Figure 2. The forest plot shows the impact of HDP on offspring SBP (A) continuous variable (B) categorical variable.

A total of 75,713 participants from 17 articles were included to assess the influence of HDP on offspring DBP. Higher offspring DBP is associated with greater risk. As shown in Figure 3A, B, in 8 studies (19, 2224, 26, 32, 37, 39), I² = 49% prompted a fixed-effect model, yielding an SMD of 0.19 (95% CI: 0.15–0.23; P < 0.00001). In nine studies (16, 17, 20, 25, 30, 3436, 38), I² = 87% led to a random-effects model, yielding an OR of 1.79 (95% CI: 1.37–2.34; P < 0.00001). Both results were statistically significant.

Figure 3
Two forest plots:   A) Compares offspring exposed to HDP versus unexposed offspring, showing standard mean differences with confidence intervals.  B) Shows odds ratios for offspring exposed to HDP versus unexposed, with confidence intervals. Both plots include a diamond indicating overall effect and indicate varying study weights.

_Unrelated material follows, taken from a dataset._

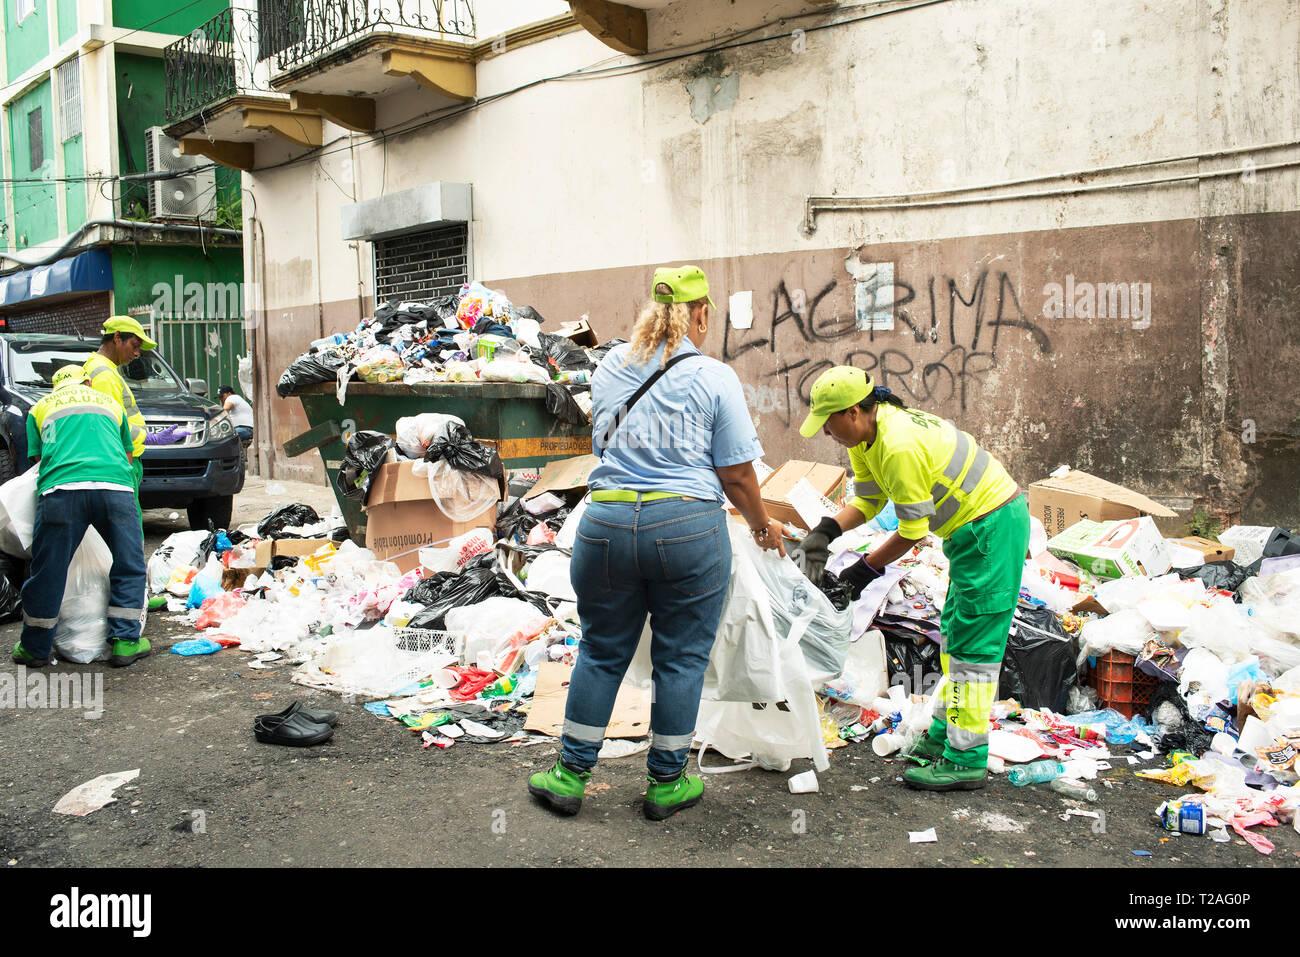 Déchets / déchets plastique débordant sur les rues de la ville de Panama. La gestion des déchets demeure le plus grand défi dans la capitale. Panama, Oct 2018 Photo Stock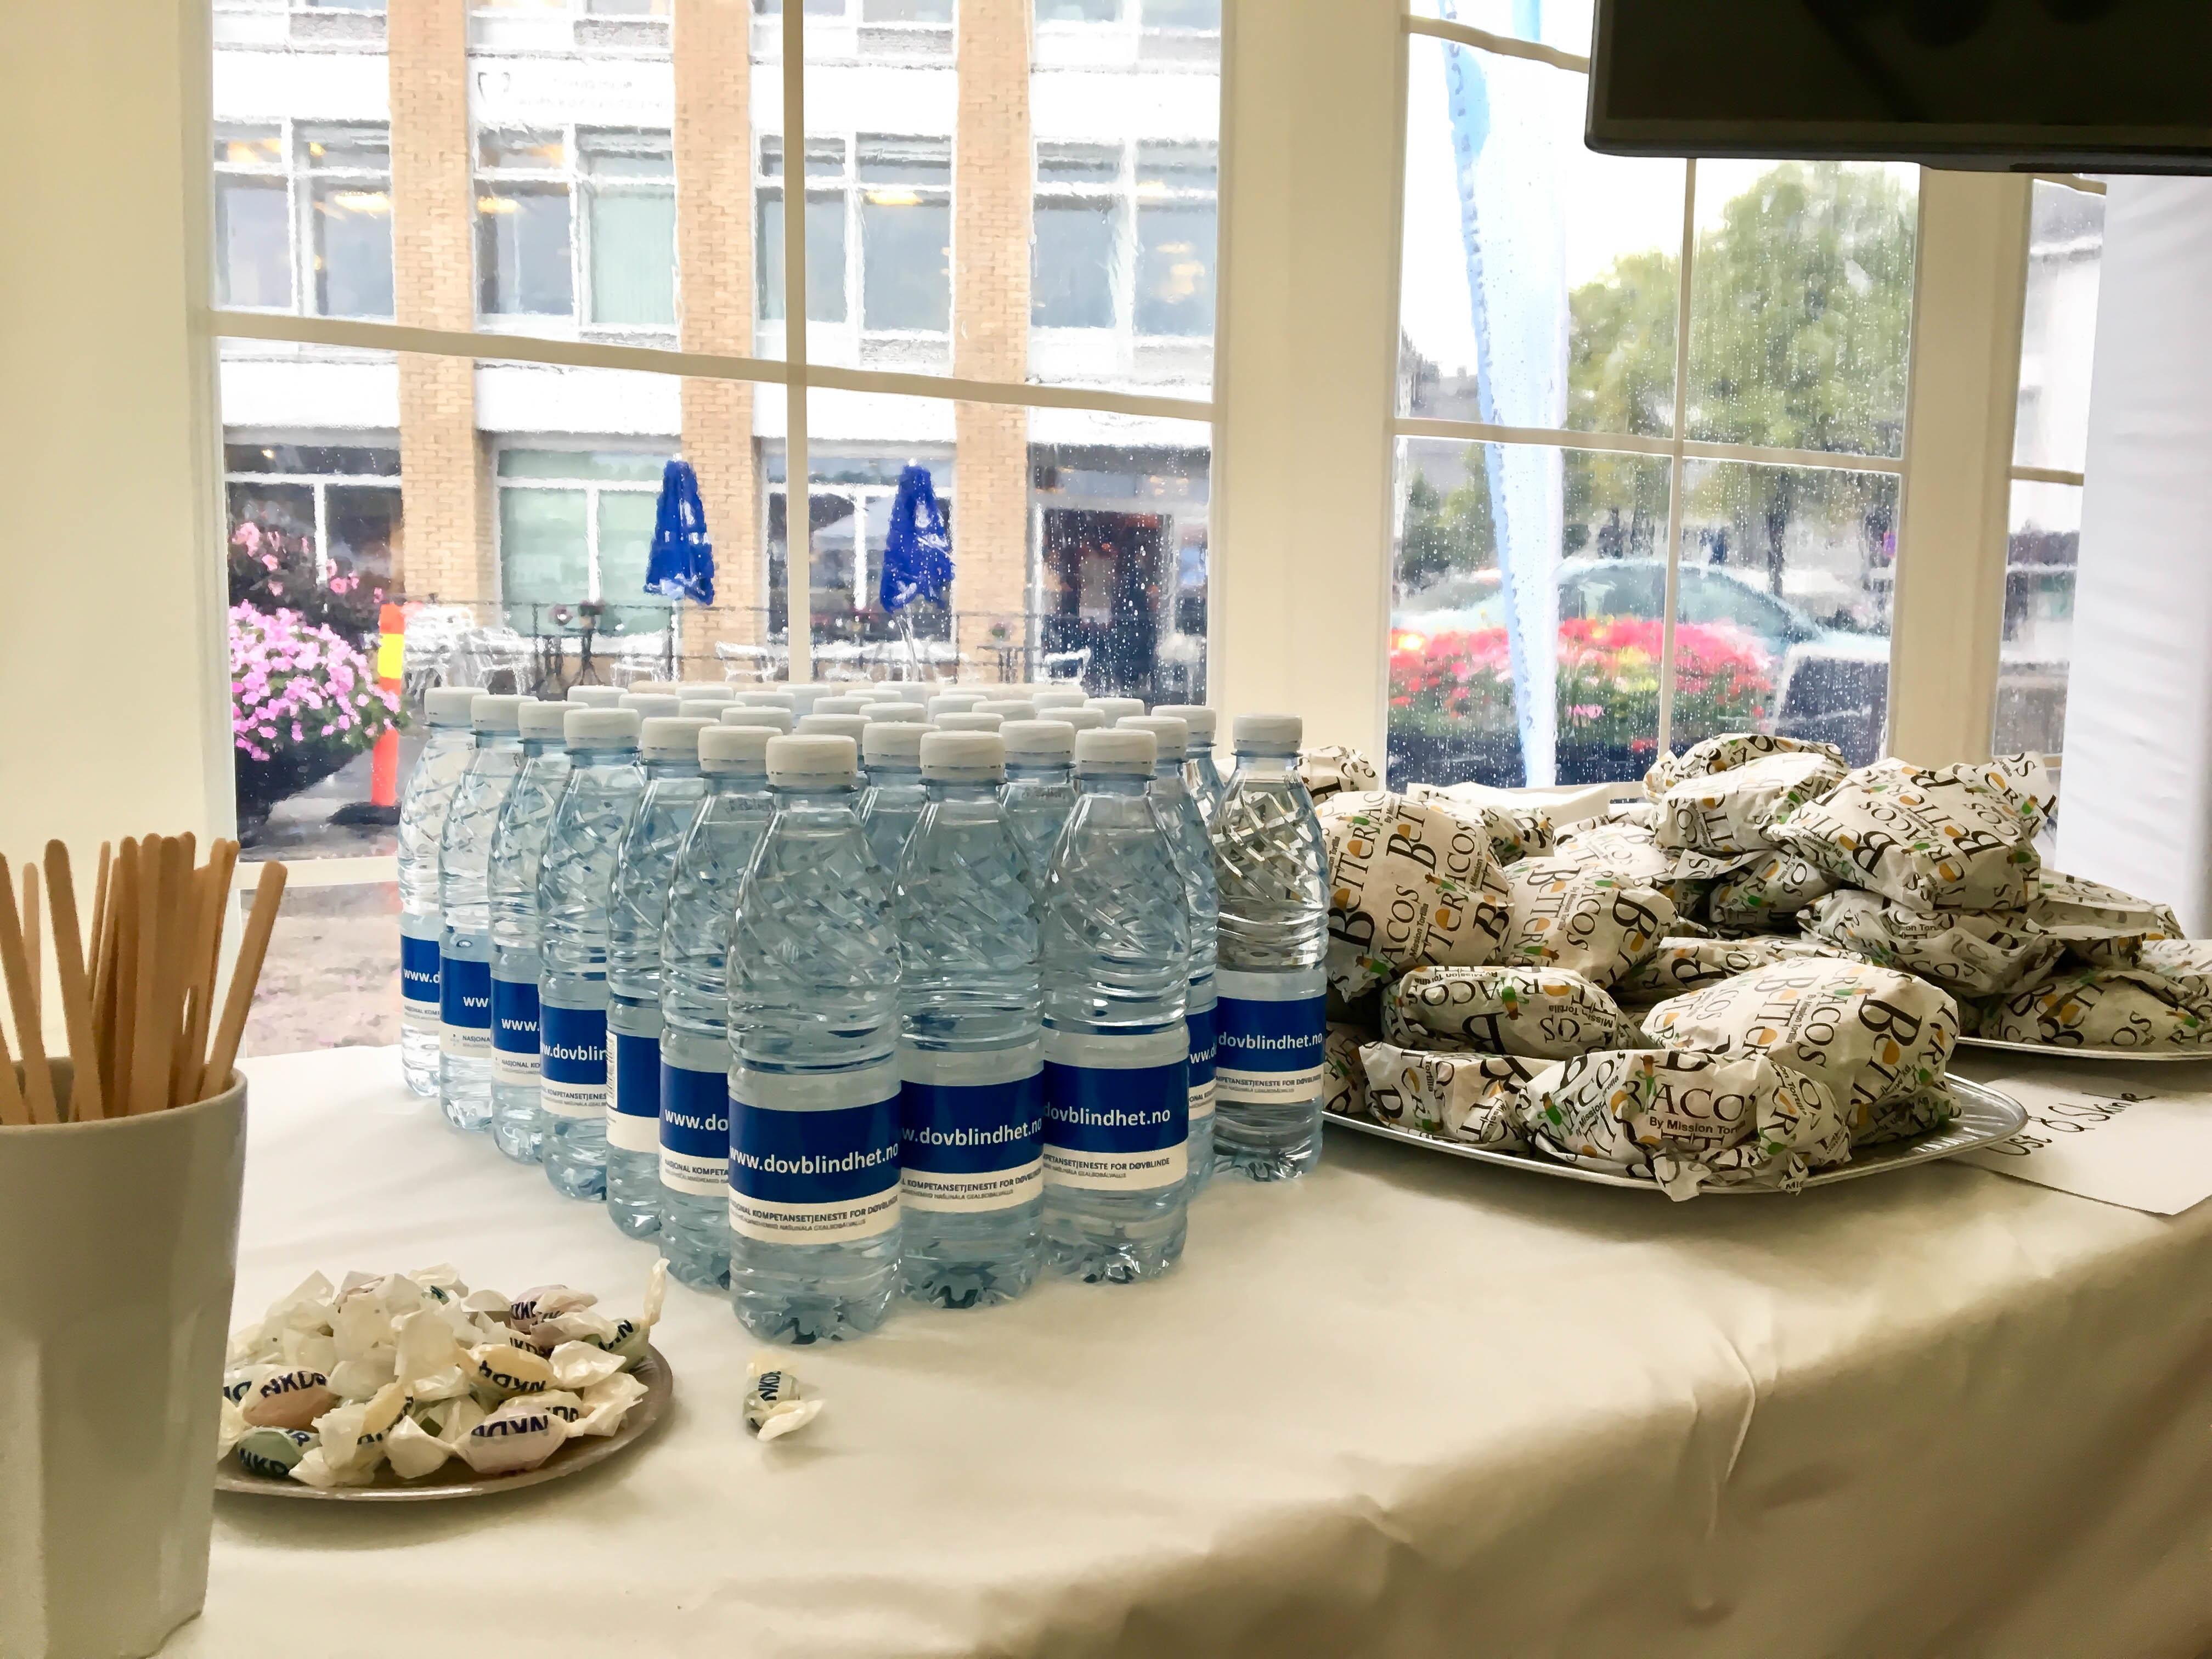 En samling med flaskevann, innpakkete sandwicher og drops på et bord med hvit duk.

Figure 3. The forest plot shows the impact of HDP on offspring DBP, (A) continuous variable (B) categorical variable.

3.4.2 Results: impact of HDP on offspring obesity

A total of 67,180 participants from 14 articles were included to assess the influence of HDP on offspring BMI. Higher offspring BMI is associated with greater risk. As shown in Figure 4A, B, in 9 studies (19, 2123, 2729, 37, 39), I² = 74% prompted a random-effects model, yielding an MD of 0.34 (95% CI: 0.05–0.64; P = 0.02). In five studies (17, 20, 30, 31, 35), I² = 20% prompted a fixed-effect model, yielding an OR of 1.03 (95% CI: 1.02–1.05; P = 0.0004). Both results were statistically significant.

Figure 4
Panel A presents a forest plot illustrating the mean differences in outcomes between offspring exposed to HDP and unexposed offspring across several studies. Most studies favor the experimental group. Panel B shows a forest plot detailing odds ratios for the same comparison, with a slight overall effect favoring offspring exposed to HDP. Both panels indicate heterogeneity and provide total effect sizes with confidence intervals.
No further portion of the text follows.